**WHAT THE TASK REQUIRES:** Pictures should be left out when the listing below is repeated word for word.

**DATA EXTRACT:**
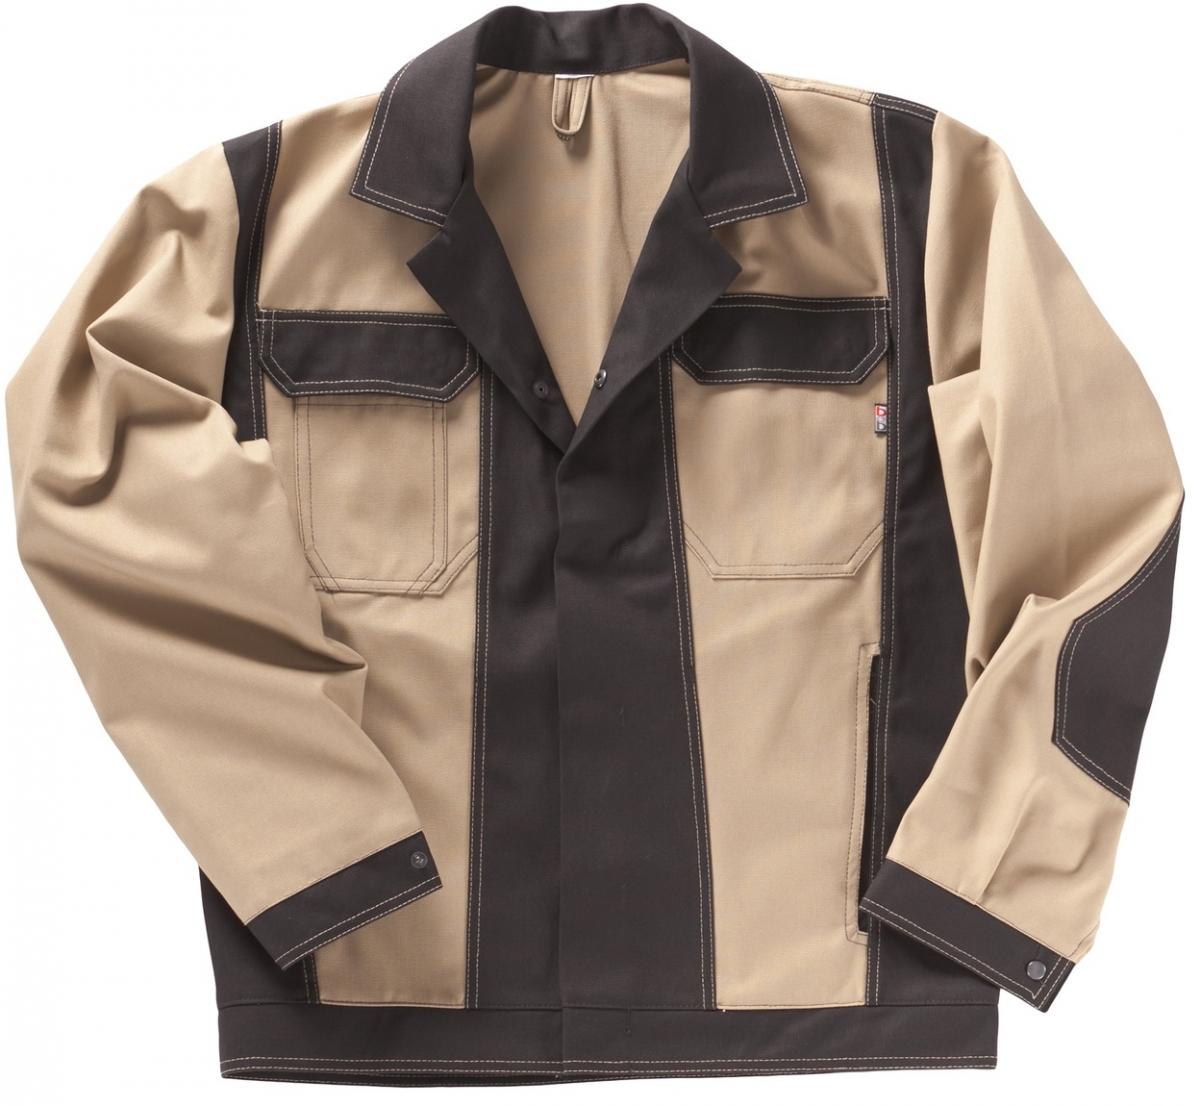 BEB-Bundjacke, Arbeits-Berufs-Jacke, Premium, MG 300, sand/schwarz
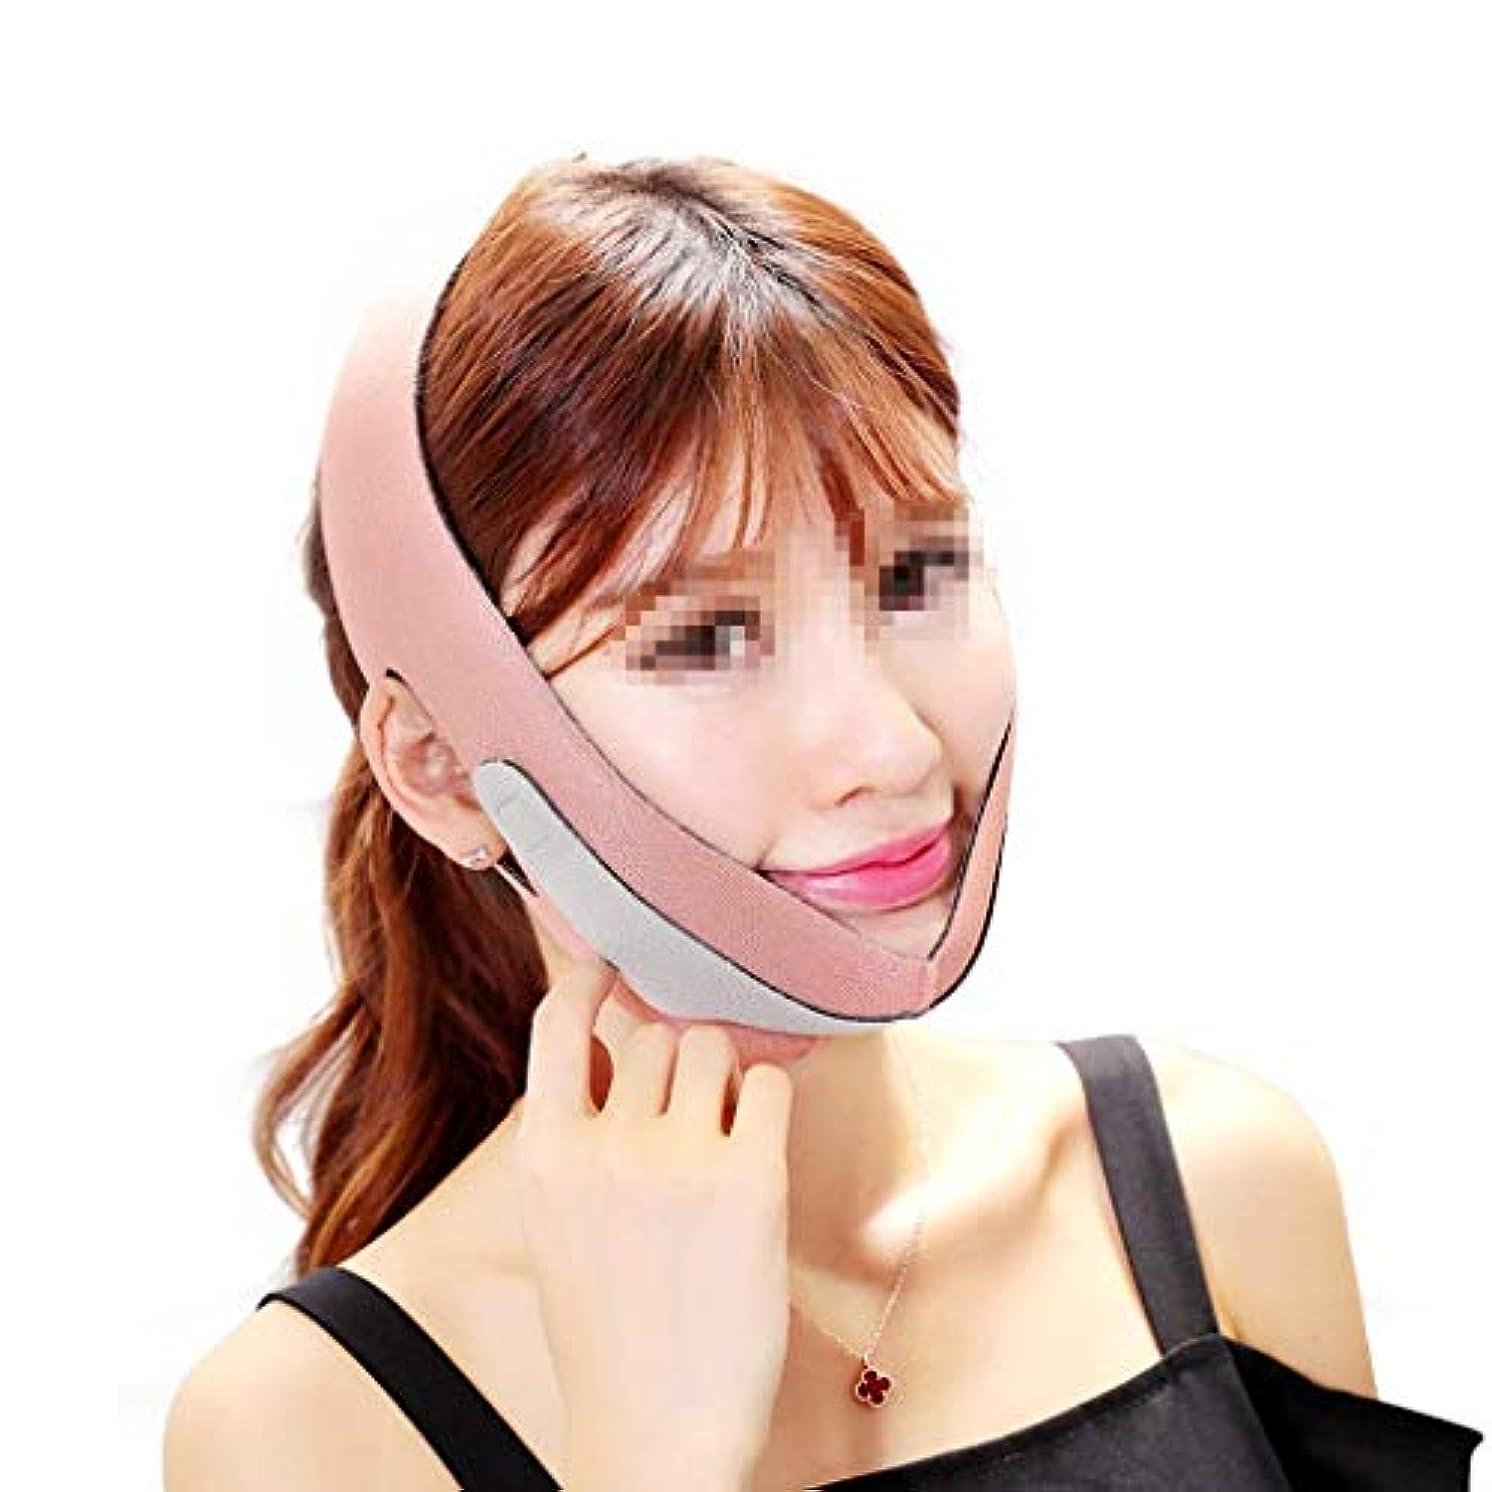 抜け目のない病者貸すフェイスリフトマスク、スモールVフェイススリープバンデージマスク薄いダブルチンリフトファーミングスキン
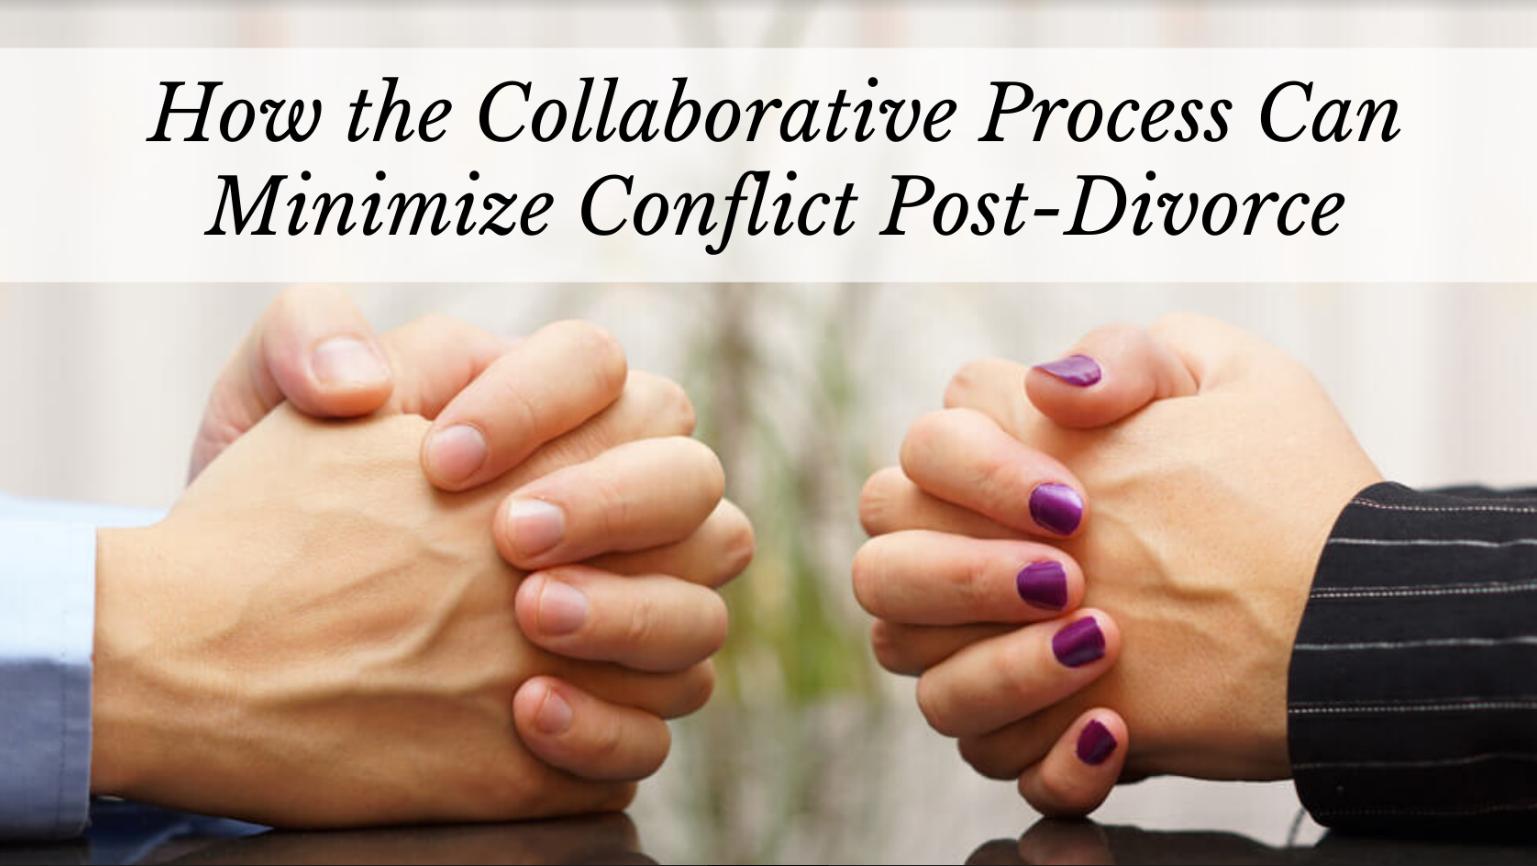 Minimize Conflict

**ANSWER TO THIS TASK:**
 BEB-Bundjacke, Arbeits-Berufs-Jacke, Premium, MG 300, sand/schwarz
 抜け目のない病者貸すフェイスリフトマスク、スモールVフェイススリープバンデージマスク薄いダブルチンリフトファーミングスキン
 Minimize Conflict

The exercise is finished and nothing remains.